Before running the pipeline, confirm the following are in place:

Google Earth Engine authenticated — run earthengine authenticate and set GEE_PROJECT_ID in config/.env.
Services running — the FastAPI ingestion API must be up so the pipeline can push results to the RAG. Start it with python start.py --api or verify with python start.py --check.
Shapefile ready — your .shp file (with its companion .dbf, .shx, and .prj files in the same directory) or a .geojson file containing the field polygon.

Run python start.py --check before your first pipeline execution. It verifies PostgreSQL, Ollama, GEE credentials, and all Python dependencies in one pass.

Command syntax

python start.py --pipeline <ruta.shp> [cultivo]

Argument	Required	Default	Description
`<ruta.shp>`	Yes	—	Path to the shapefile or GeoJSON of the field
`[cultivo]`	No	`maiz`	Crop type: `maiz`, `soja`, `trigo`, or `girasol`

Example

python start.py --pipeline Poligonizacion/1ER\ CORRIDA/poligonos_definitivos.shp maiz

Step-by-step walkthrough

When you run --pipeline, the launcher injects src/ into the Python path and calls run_full_analysis() in src/pipeline/__init__.py. The following steps execute sequentially:

GEE authentication — init_gee()

Authenticates with Google Earth Engine using the GEE_PROJECT_ID set in config/.env. This step initialises the ee client that all subsequent satellite queries depend on. If credentials are missing or expired, the pipeline stops here with an authentication error.

Shapefile validation — validar_shapefile()

Reads the file with GeoPandas and validates geometry type, CRS, and spatial coherence. It reprojects the polygon to a dynamic UTM zone calculated from the centroid’s longitude, which is required for accurate area calculations in hectares.

Climate data — get_nasa_climate_safe()

Fetches daily temperature records from the NASA POWER API for the field’s centroid coordinates, covering the last six years. From these records it computes accumulated heat hours using a sinusoidal formula calibrated per crop type. This feeds the Clima (10%) component of the AgroIA Score.

NDVI extraction — get_gee_ndvi_validado() + fallback window

Queries Sentinel-2 SR imagery on Google Earth Engine for the critical phenological month of each crop (e.g. flowering for maize). If cloud cover or data gaps prevent a valid reading for a given year, get_gee_ndvi_ventana() expands the search to a ±2-month window. Years with no usable data are excluded and logged.
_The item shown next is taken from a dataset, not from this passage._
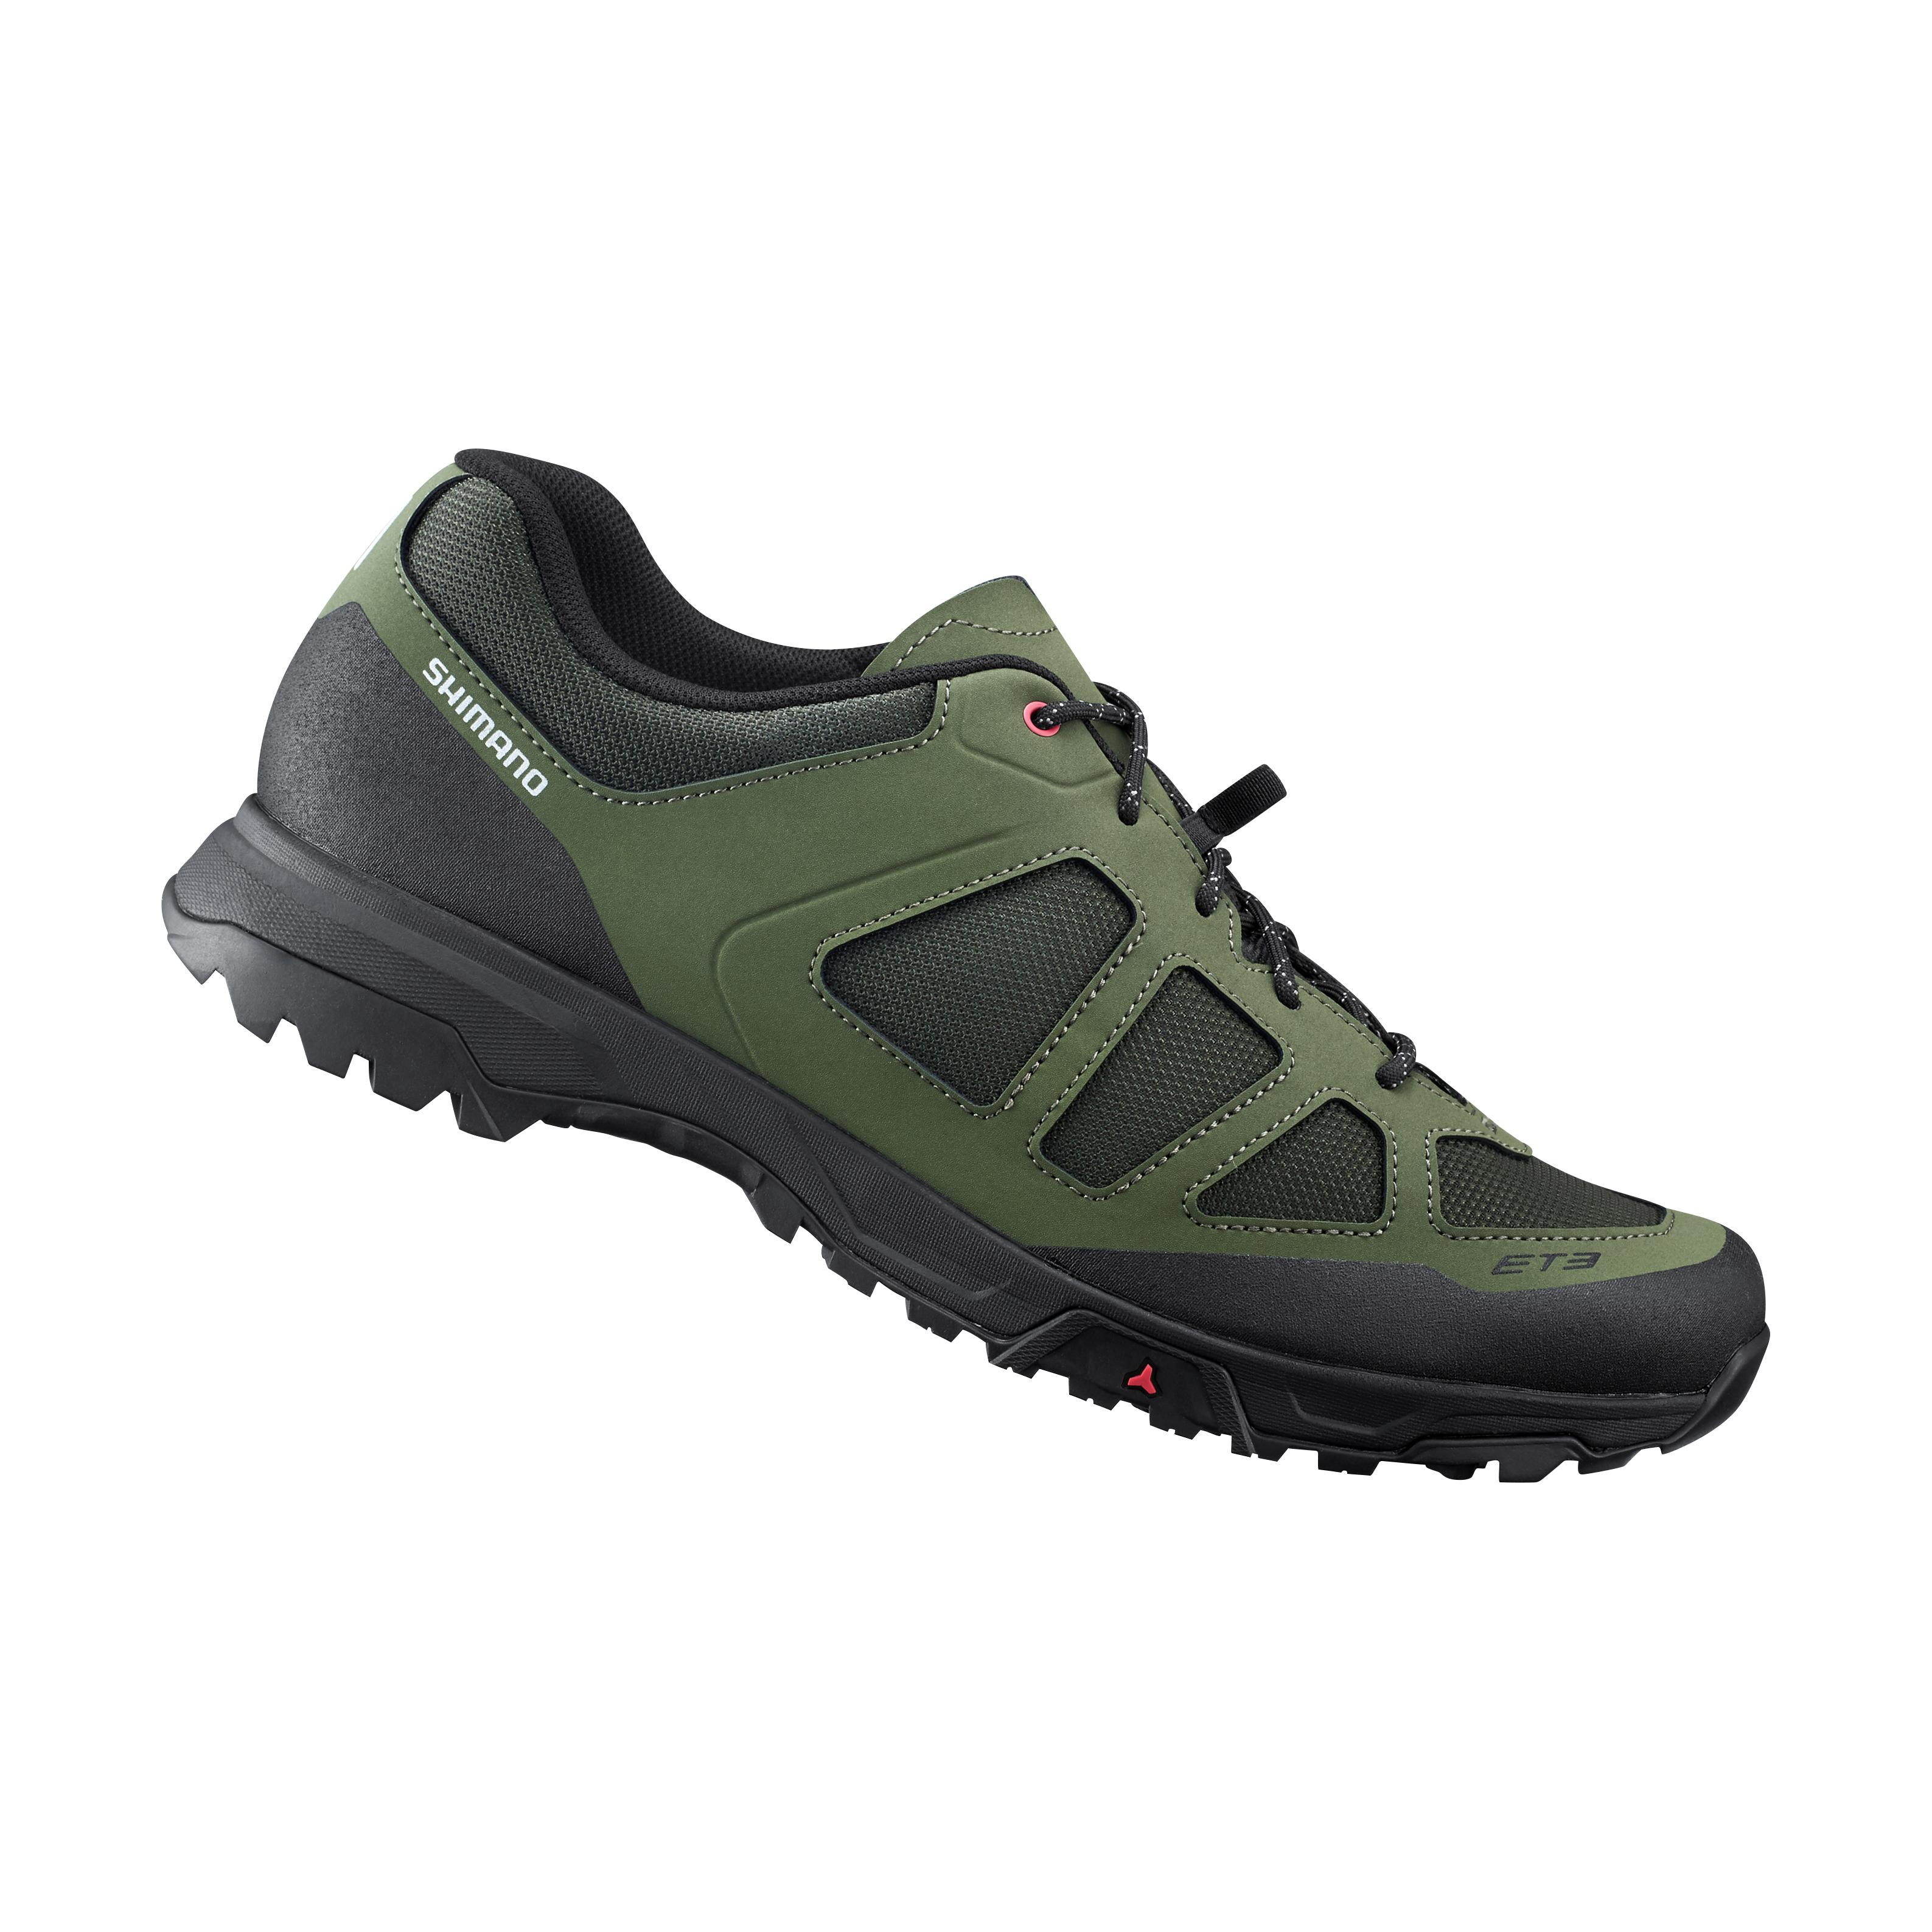 SHIMANO turistická obuv SH-ET300, khaki, 42

Score and zonification — calcular_score()

Computes the composite AgroIA Score (0–100) across four weighted components:

Vigor (40%) — normalised mean NDVI for the critical month
Estabilidad (30%) — inverse of the historical NDVI coefficient of variation
Limpieza (20%) — Isolation Forest outlier penalisation (contamination = 0.2)
Clima (10%) — accumulated heat hours against crop threshold

If the spatial coefficient of variation exceeds 0.05, K-Means clustering divides the field into Zone A (high potential), Zone B (medium), and Zone C (critical) pixels.

PDF report — build_report()

Generates a multi-page PDF report containing the score summary, historical NDVI series, score component breakdown, and zone map. The file is saved to src/outputs/AgroIA_<lote_id>.pdf.

Interactive map — generar_mapa_offline()

Produces a self-contained HTML file with a Folium interactive map showing the field boundary and, when zonification is active, coloured A/B/C pixel overlays. Saved to outputs/Mapa_<lote_id>.html.

RAG ingestion — enviar_al_rag()

Constructs the v2 payload (ASCII keys only) and POSTs it to the local FastAPI endpoint at http://localhost:8000/ingesta. This step embeds the report with nomic-embed-text via Ollama and stores it in pgvector, making the field immediately available for natural language queries.

Output files

After a successful run, two files are written:

File	Location	Contents
`AgroIA_<lote_id>.pdf`	`src/outputs/`	Full agronomic report with score, NDVI charts, components, and zone map
`Mapa_<lote_id>.html`	`outputs/`	Self-contained interactive HTML map (open in any browser)

The lote_id defaults to the shapefile’s basename without extension. If you run the pipeline on mi_lote.shp, the outputs are AgroIA_mi_lote.pdf and Mapa_mi_lote.html.

If the file contains multiple polygons, run_full_analysis() selects the one with the largest area. Use the batch processing guide if you need to analyse every polygon individually.

Skip prerequisite checks

If you need to run the pipeline without going through the prerequisite validation (for example, in a scripted environment where you know the services are up):

python start.py --skip-checks --pipeline mi_lote.shp soja

--skip-checks bypasses the PostgreSQL, Ollama, and token validation checks. If any service is actually down, the pipeline will still fail, but with a less descriptive error message.

Troubleshooting

GEE authentication error: credentials not found or token expired

Run earthengine authenticate in your terminal to refresh credentials. Also verify that GEE_PROJECT_ID is set correctly in config/.env and that the project has the Earth Engine API enabled in Google Cloud Console.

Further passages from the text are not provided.